Output the complete listing exactly, please, and keep the pictures out of it.

» Data segment:

------------

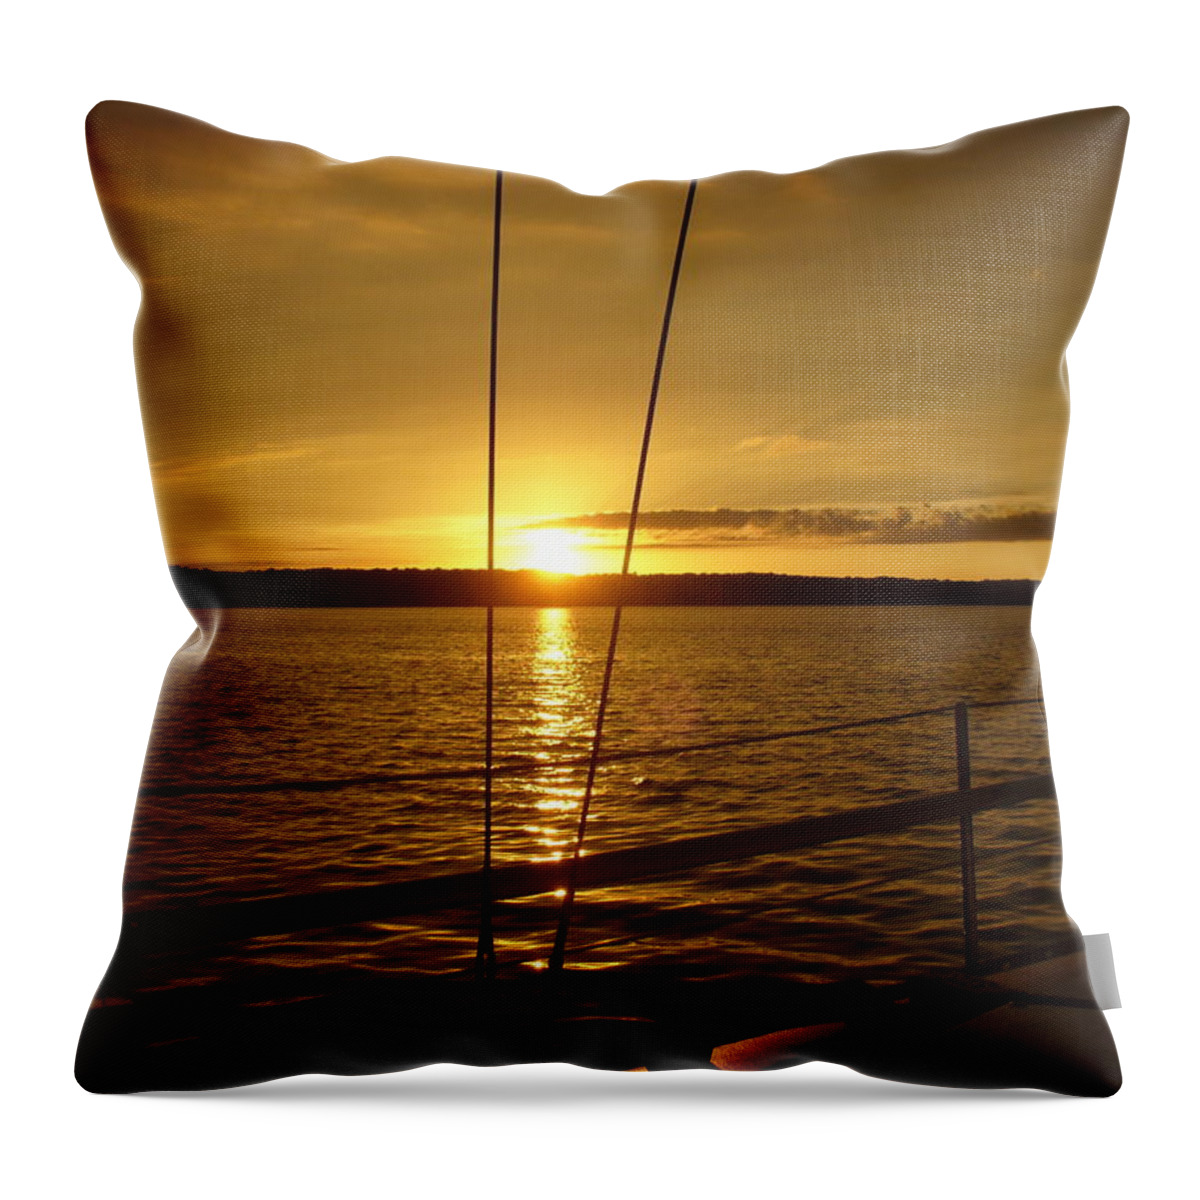 Sunset Throw Pillow featuring the photograph Stay Golden by Deena Stoddard
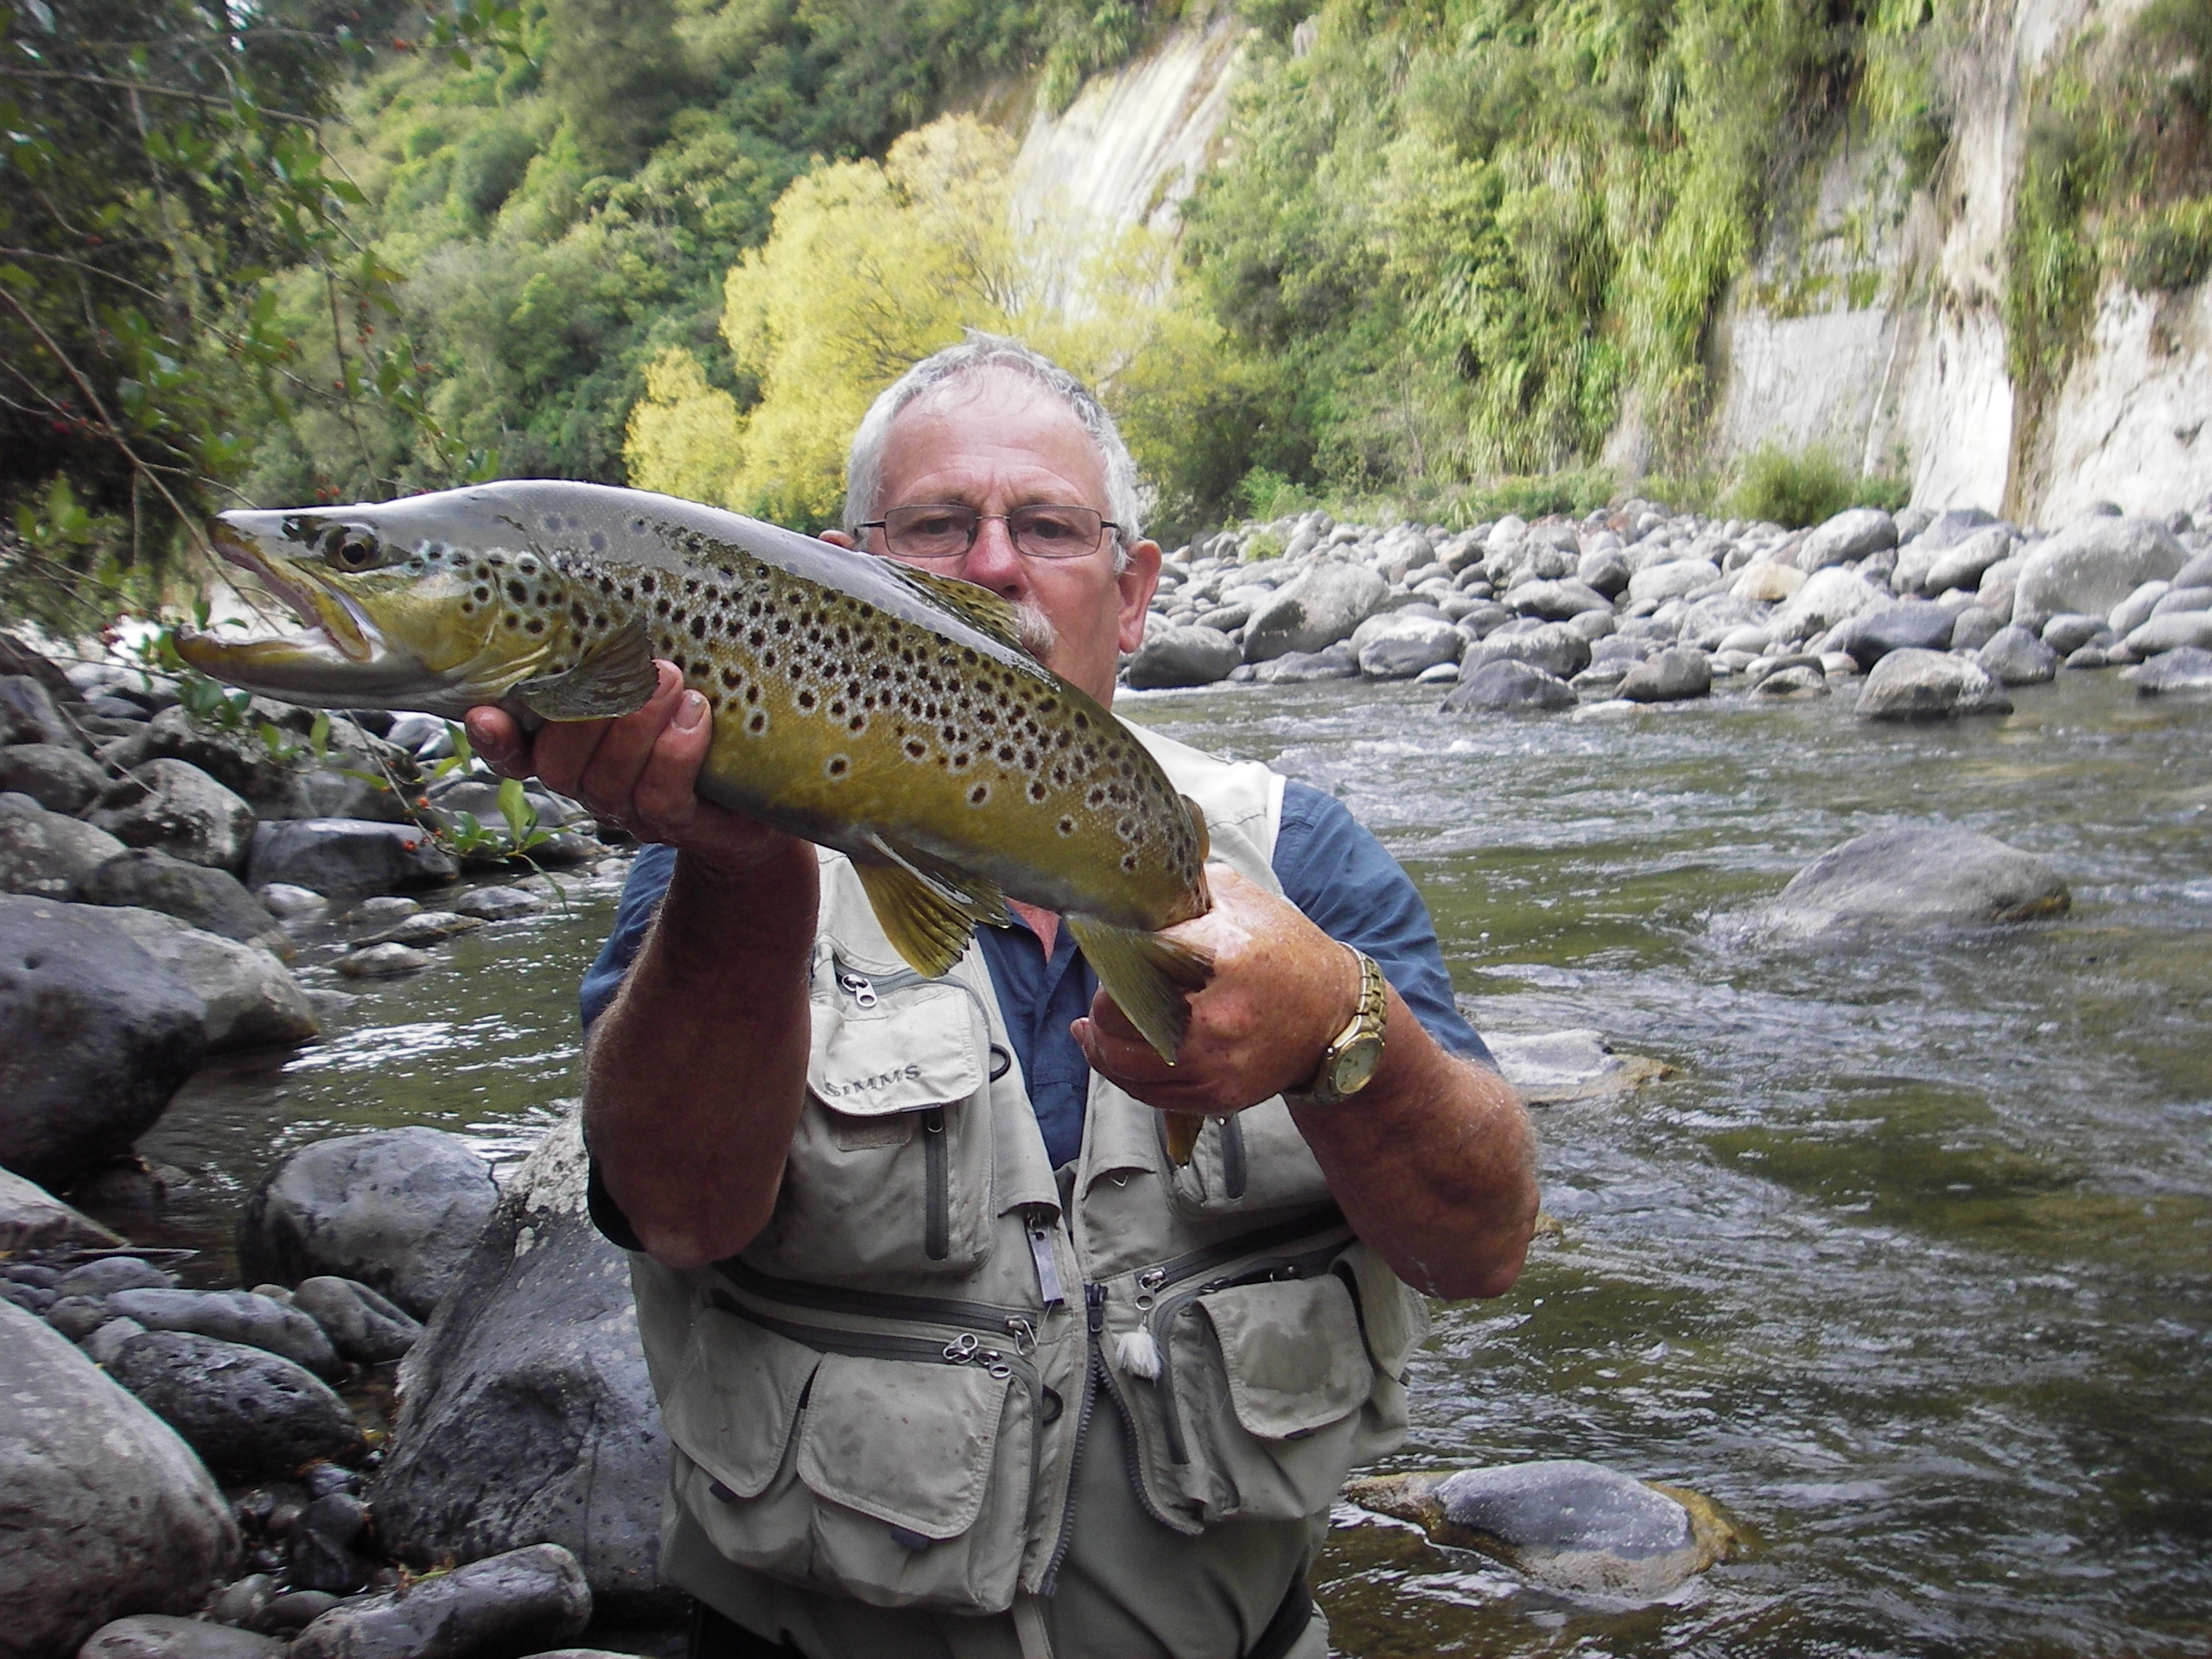 Trout fishing is one of the major local attractions in Turangi
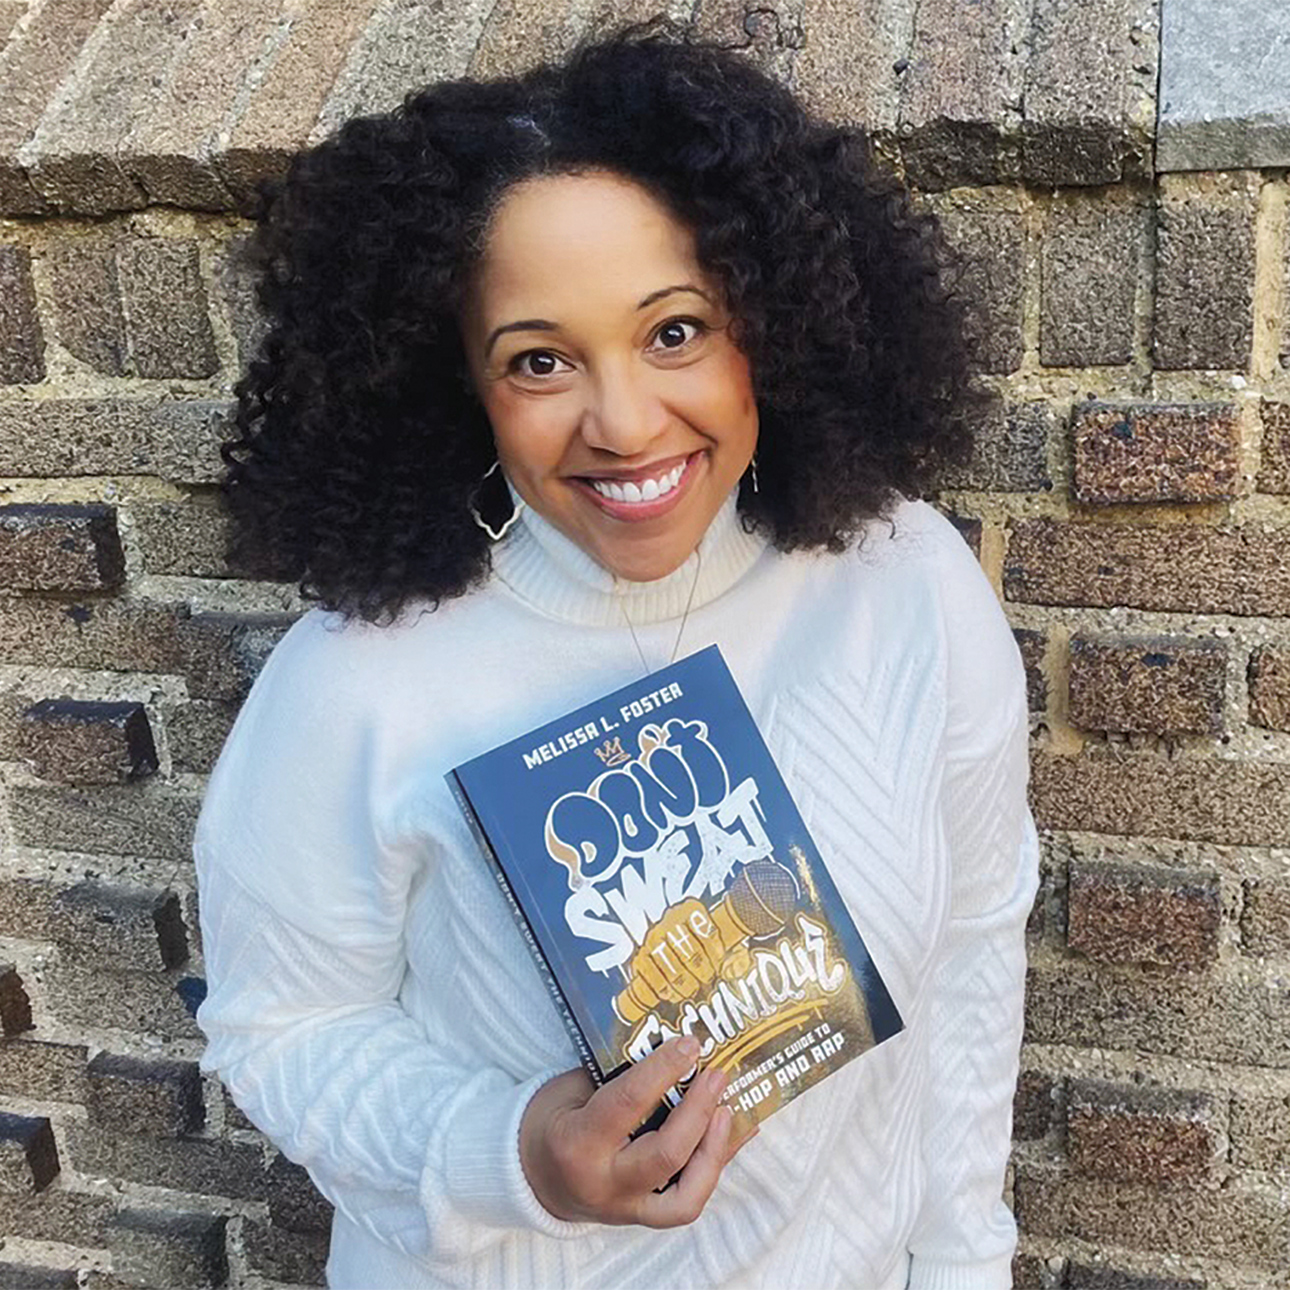 Michelle Foster leans against a brick wall, wearing a white turtleneck top, oblong hoop earrings and a necklace. She is smiling and holding a copy of her book.

------------

» Result of this task:
 Sunset Throw Pillow featuring the photograph Stay Golden by Deena Stoddard
 Trout fishing is one of the major local attractions in Turangi
 Michelle Foster leans against a brick wall, wearing a white turtleneck top, oblong hoop earrings and a necklace. She is smiling and holding a copy of her book.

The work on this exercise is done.